I had four kids, no income, and a record.

But, I had my practice. altar

The spiritual bath came first.

I don’t remember everything that went into that water. It was a traumatic time and some of my memories have blurred. I know there were herbs. Florida water. Oils. Crystals. Salts. Things chosen by correspondence, by what I was trying to do, which was rid myself of energy that didn’t belong in my body anymore.

I used my Llewellyn’s book of correspondences. I chose the right day. I read psalms over myself. I dumped the water over my head over + over.

It felt powerful. It felt like clearing out things that had been living in me long before that night. My body seemed to feel 10x lighter. Cleaner. Looser.

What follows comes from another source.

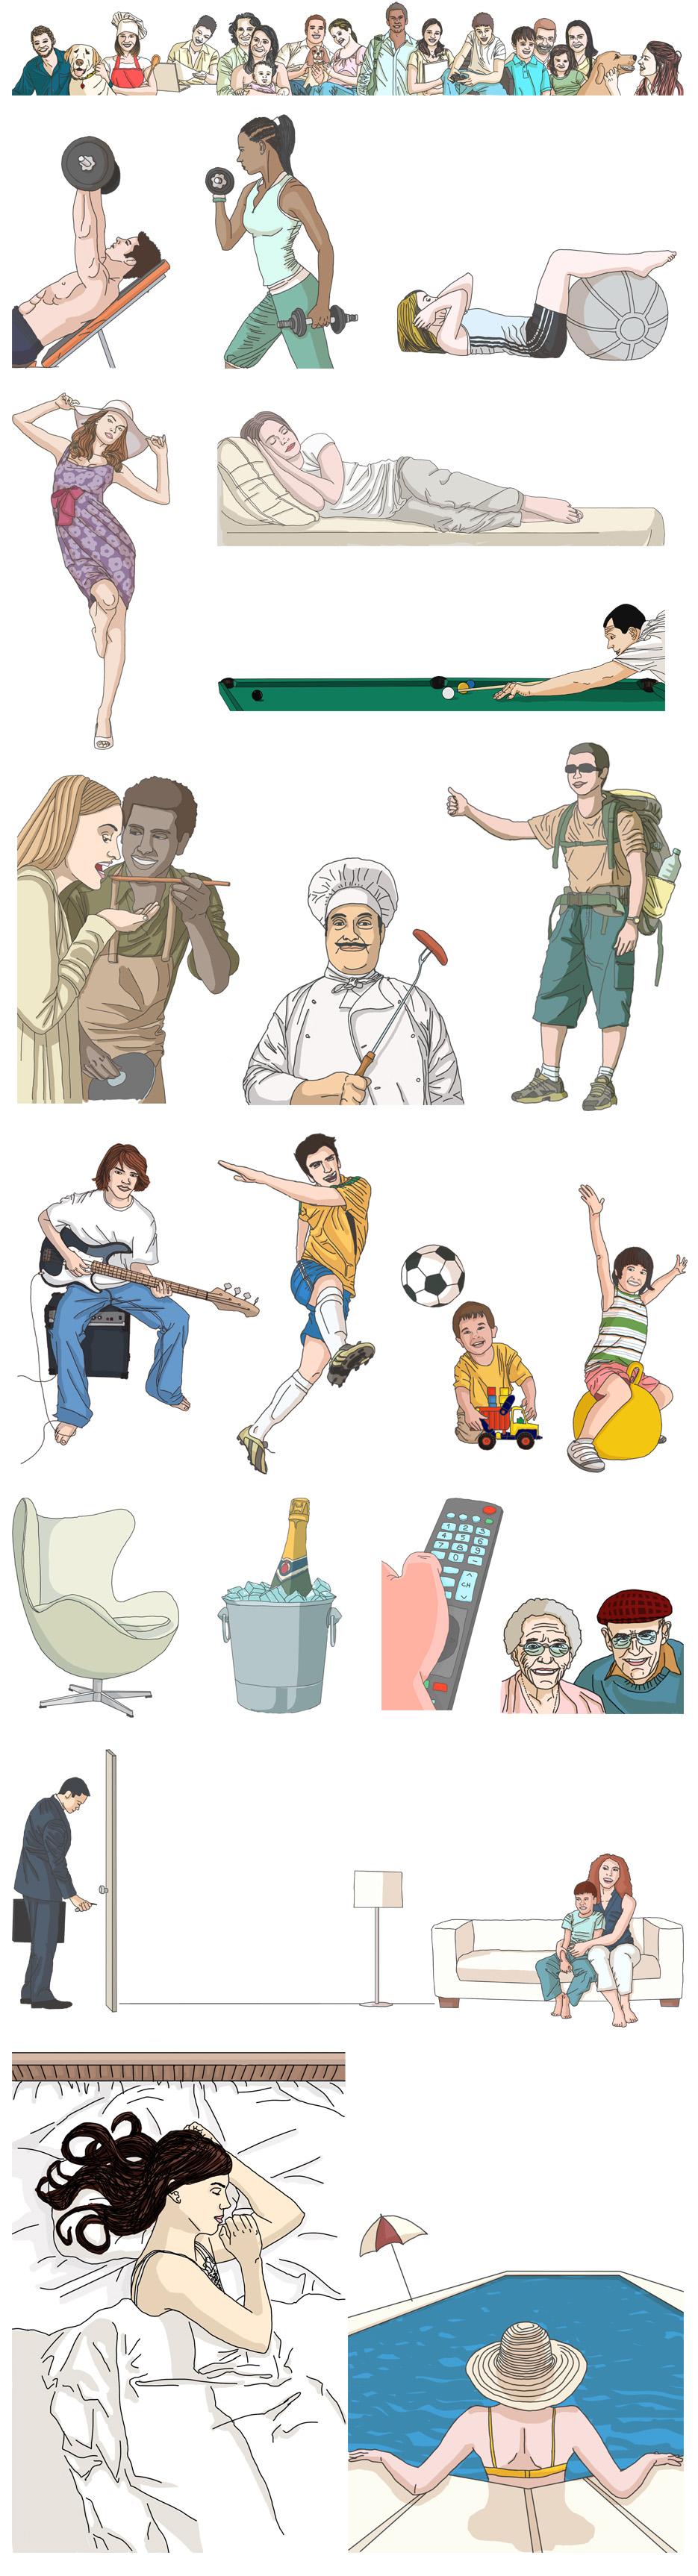 ilustrações catálogo amazônia park

I cleansed the house too. Sage + palo santo until the smoke was thick. Crystals in every corner. Salt + cayenne pepper at every entry. Music. Chanting. Petitions to my ancestors for protection. I was walking through rooms where things had happened + I was rewiring the energy. I was reclaiming my space.

candlework

Then I cord cut from him.

And then I got very, very sick.

Both ends. For daaaaaaaaaaays.

I missed my doula training that week. I couldn’t get out of bed. I was in disbelief at first about how fast it had come on + how intense it was. My body was doing something for real. Something was moving through me + out of me that needed to go.

I was concerned. For real. But I also couldn’t argue with what was happening. This was no coincidence. My system was purging what had been ailing me. Even in the middle of it, even sick + exhausted + hollowed out from the inside—I felt grateful. The working had.. worked. This was the evidence.

I did become a doula eventually, a few years later. The universe keeps its word even when the timing is TERRIBLE.

On the other side was the feeling of being let off a leash.

I didn’t want him. I didn’t hate him. I didn’t even think about him. That alone was a miracle. This man had consumed so much of my mental + emotional real estate for so long that his absence from my thoughts felt like a whole new world I didn’t know was there.

I felt like I was becoming my own person again.

Money came from somewhere I still can’t fully explain to people. It kept us afloat. Not comfortable—their father was gone and not contributing anything—but afloat. The ancestors heard me. My spirit team held us.

The legal system had taken me to jail for defending myself. The craft gave me back something the courts never could.

Not justice, completely. Something more ancient.

Just me, my tools, my ancestors, + the knowledge that some things can be cleared whether people believe you or not.

If you do this work, pay attention to what your body does afterward. The purge isn’t always this literal. But the body will tell you when something has shifted. Don’t be afraid of that. Be grateful for it.

What have you been carrying that your body has been trying to let go of?